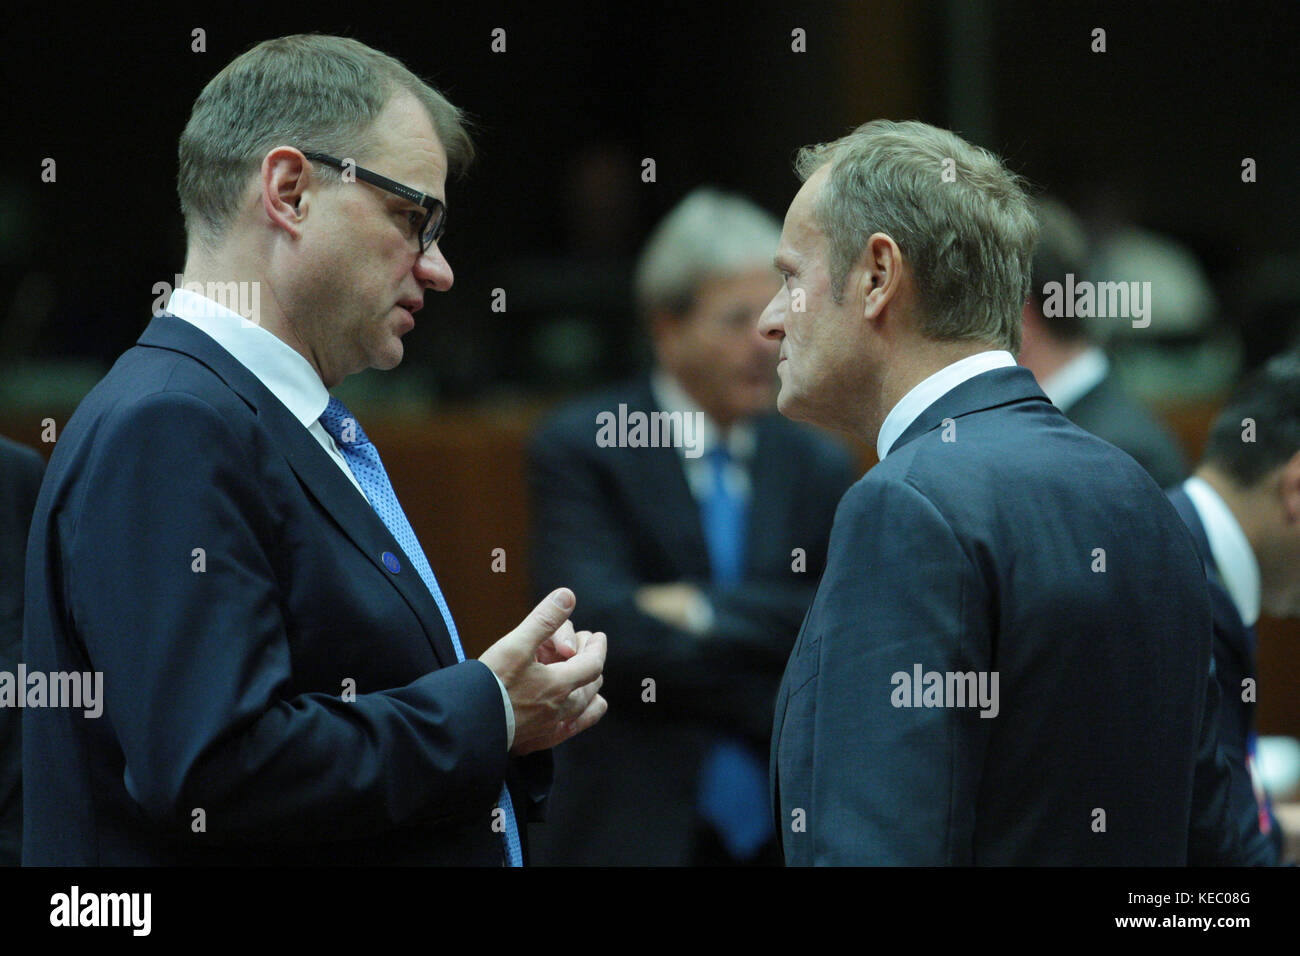 Brussels, Belgium. 19th Oct, 2017. Juha Sipila Primer Minister of Finland and Donald Tusk President of European Council, at the European Council, during tehe round table. Credit: Leo Cavallo/Alamy Live News Stock Photo
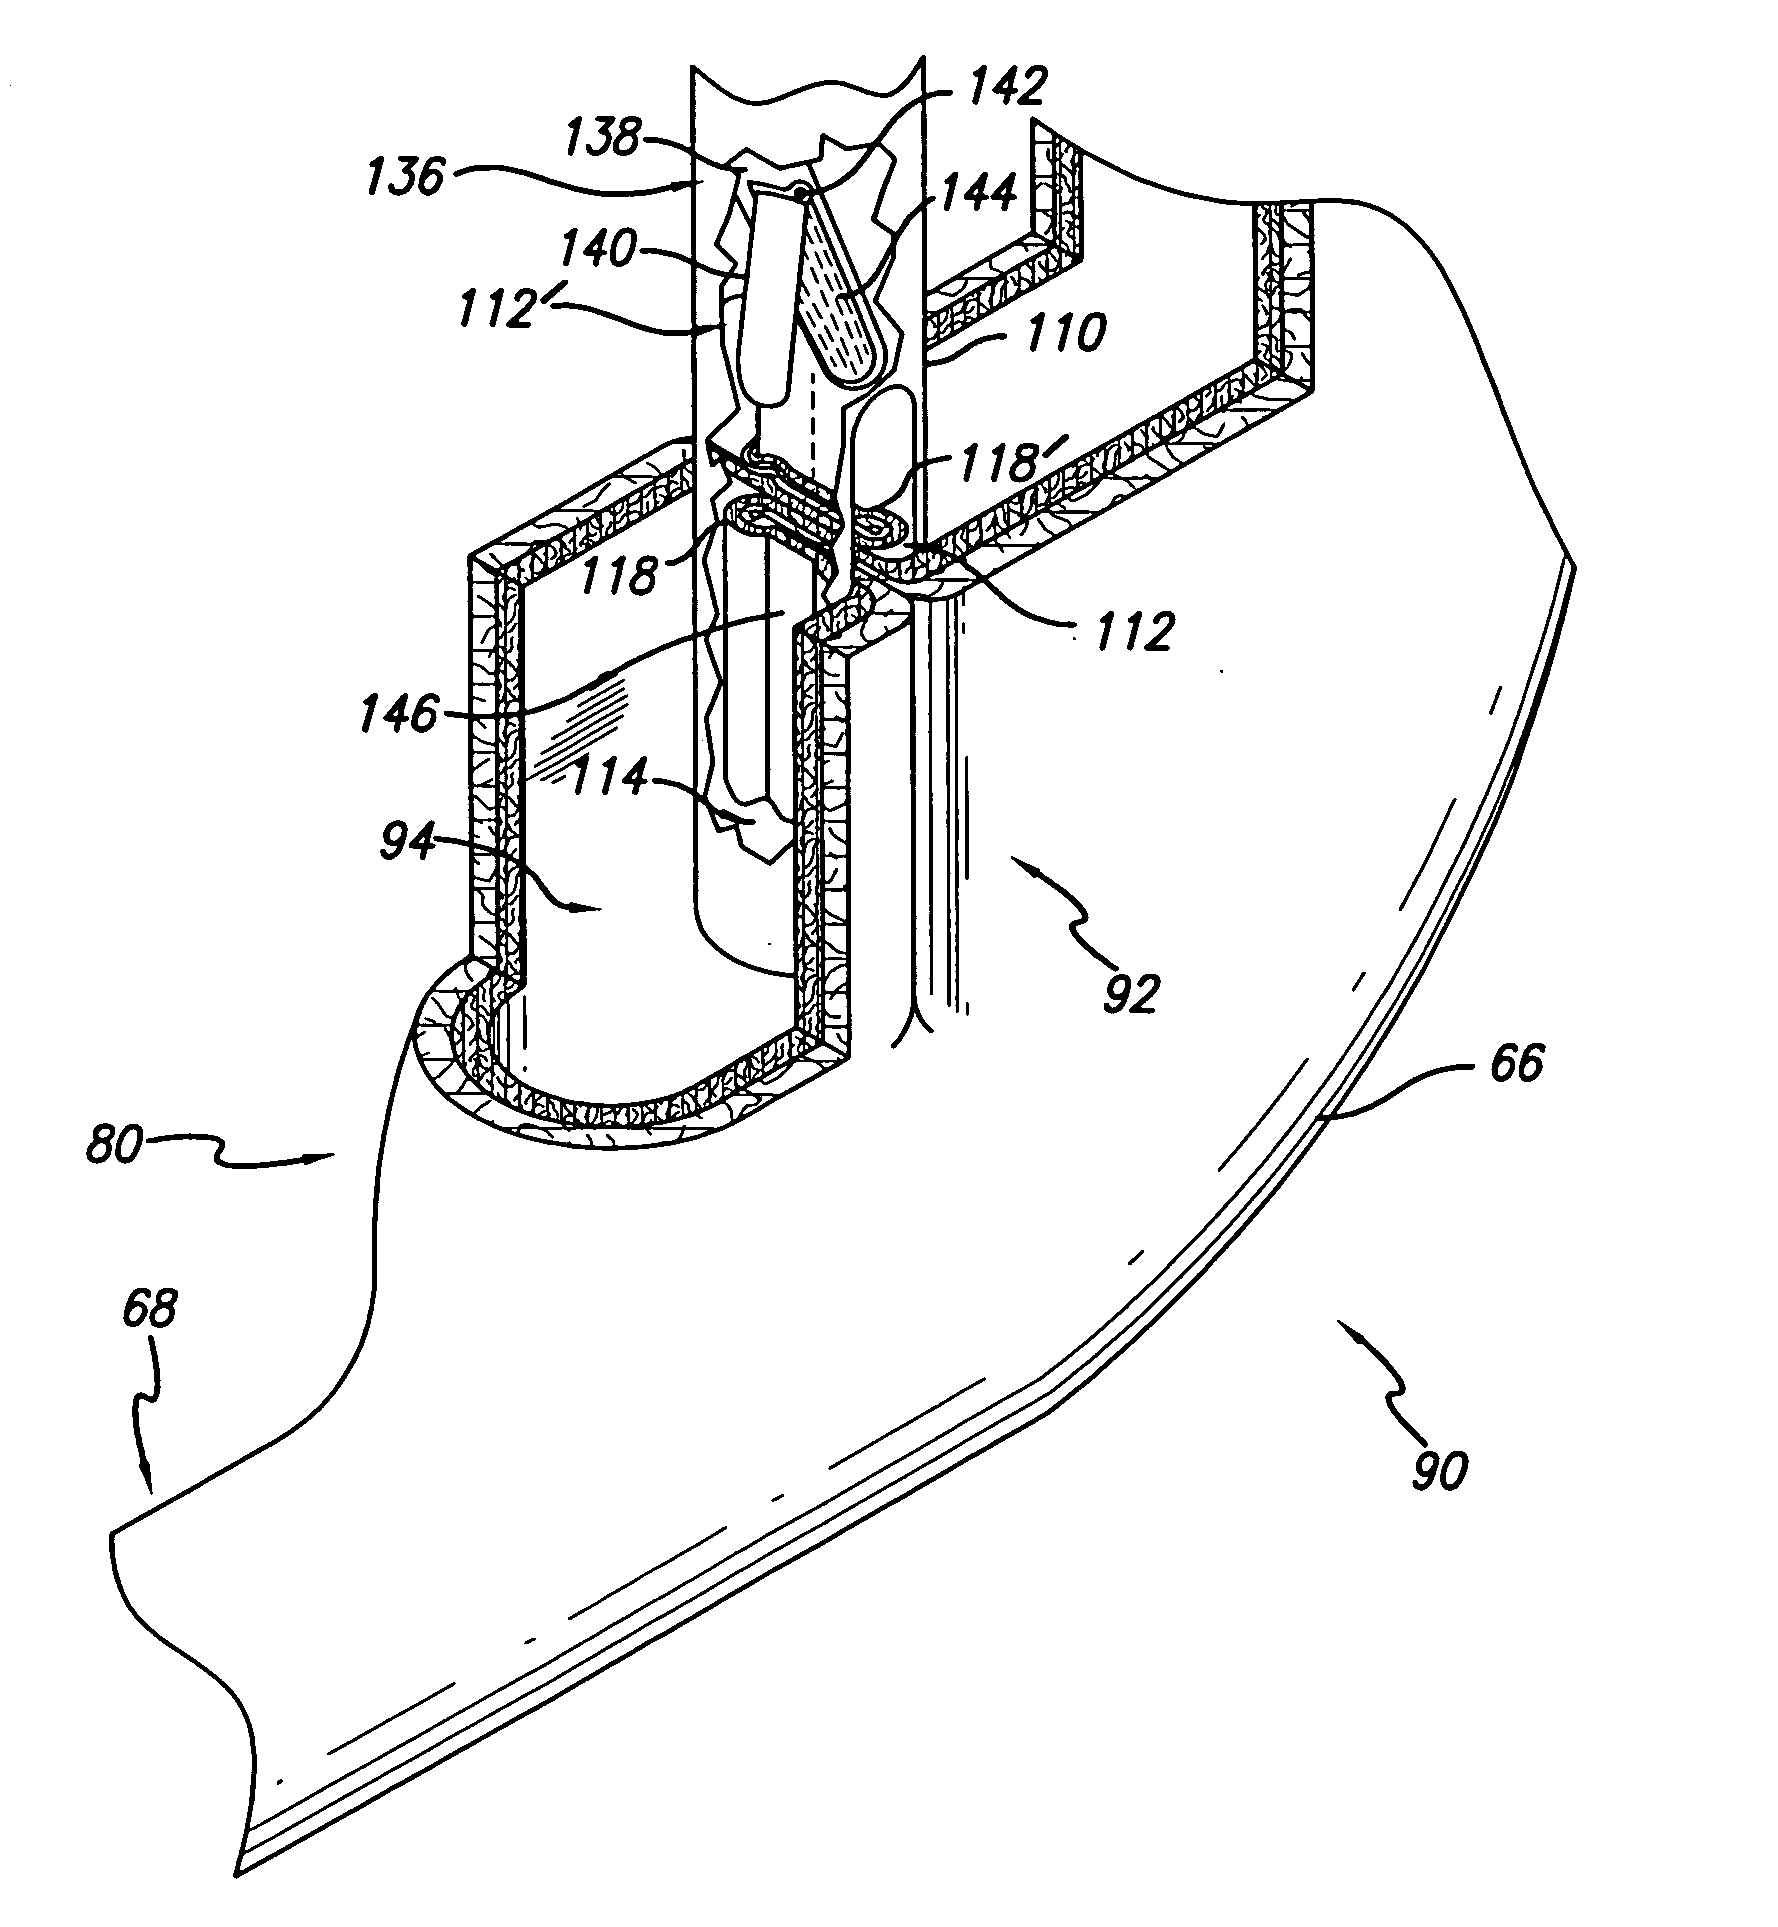 Overtube apparatus for insertion into a body
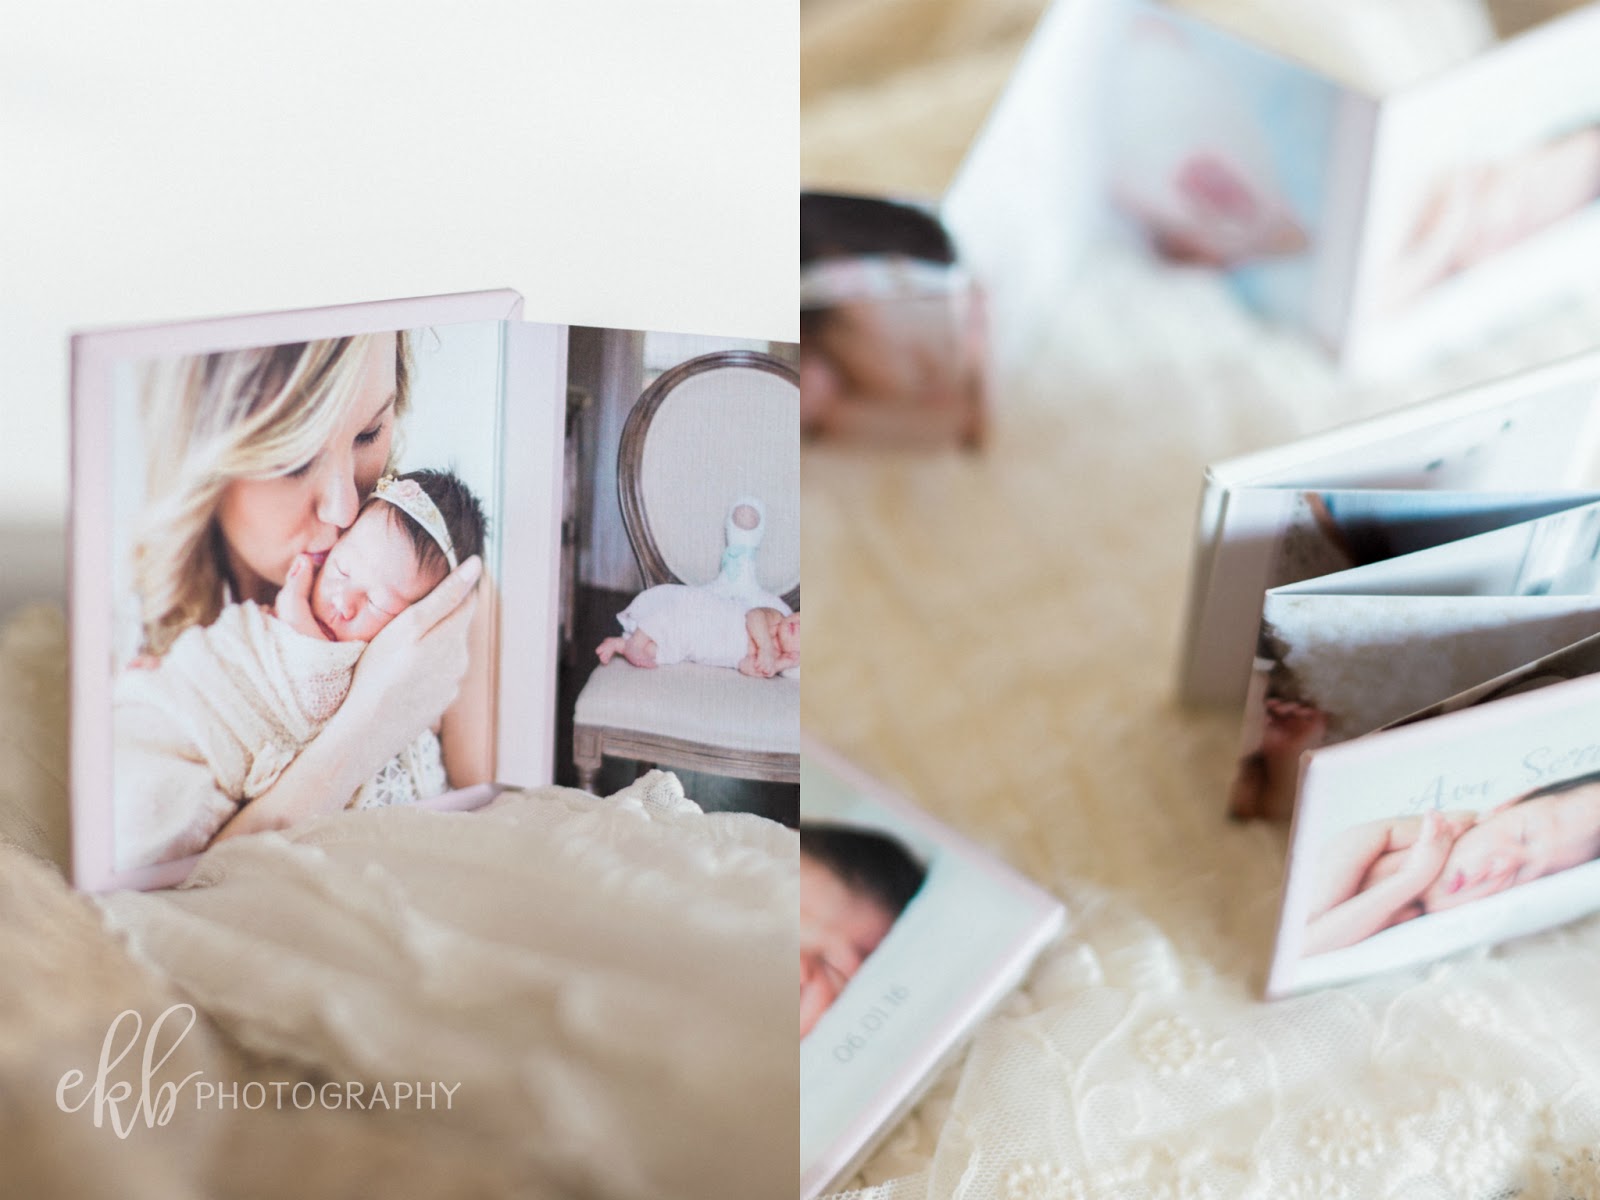 ekbphotography: pictures you can hold | accordion mini albums

__To do__.
From the first line to the last, reproduce the listing above exactly, leaving the pictures out.

__Result of this task__.
 Brussels, Belgium. 19th Oct, 2017. Juha Sipila Primer Minister of Finland and Donald Tusk President of European Council, at the European Council, during tehe round table. Credit: Leo Cavallo/Alamy Live News Stock Photo
 Overtube apparatus for insertion into a body
 ekbphotography: pictures you can hold | accordion mini albums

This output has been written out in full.